An online petition at Change.org calling for Ellen Pao to step down now has nearly 210,000 supporters.

The petition calls to "Stop Ellen Pao from destroying the Reddit.com community by making her step down as CEO of Reddit Inc."

The petition said that since Ms Pao was appointed Reddit had "entered into a new age of censorship."

At the weekend Reddit moderators shut down some of the site's most popular threads in protest at the sacking of Ms Taylor.

The latest furore over the firing follows moves in May, where the website adopted new policies against harassment, saying "we have been looking closely at the conversations on reddit and at personal safety".
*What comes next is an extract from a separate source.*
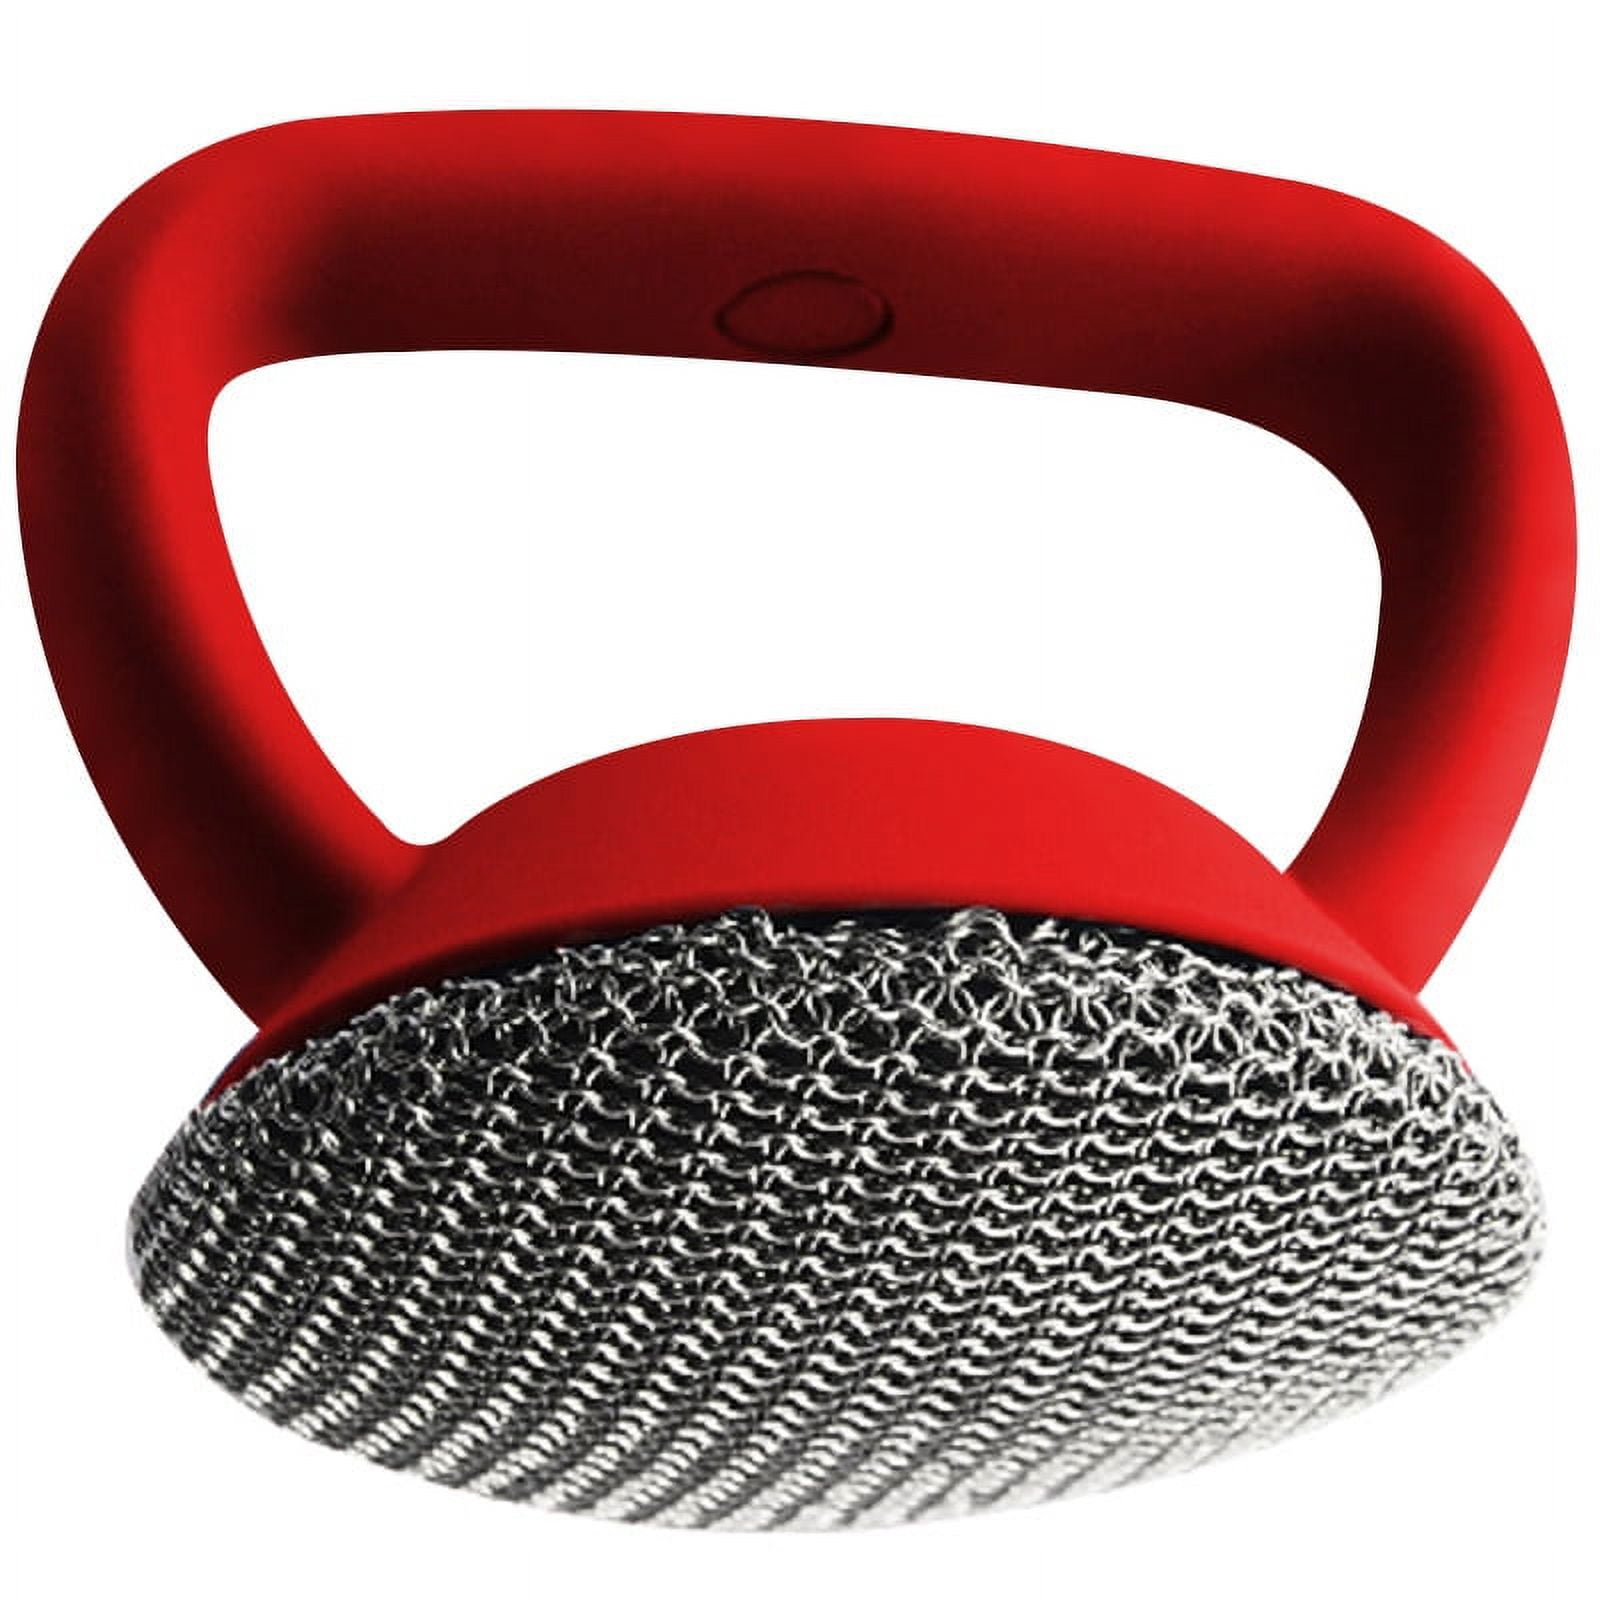 Cast Iron Brush Scrubber Cast Iron Cleaner Chainmail Scrubber with Handle +  Pan Scraper Tool - 316 Chain Maille Brush to Clean Pan Pot Skillet Grill

The post lauds the work done by volunteer moderators, and the work they have done to foster "cool and amazing conversations on reddit".

"Unfortunately, not all the changes on reddit have been positive. We've seen many conversations devolve into attacks against individuals... We are also seeing more harassment and different types of harassment as people's use of the Internet and the information available on the Internet evolve over time."

Last month, site administrators announced they would be deleting five subreddits that didn't fit the site's new community values, including one called r/fatpeoplehate. Users called for Ms Pao's resignation, describing the move as totalitarian and comparing Pao to a Nazi.

Ms Pao has been at the centre of a high profile long-running lawsuit against Silicon Valley venture capitalist firm Kleiner Perkins which she lost earlier this year.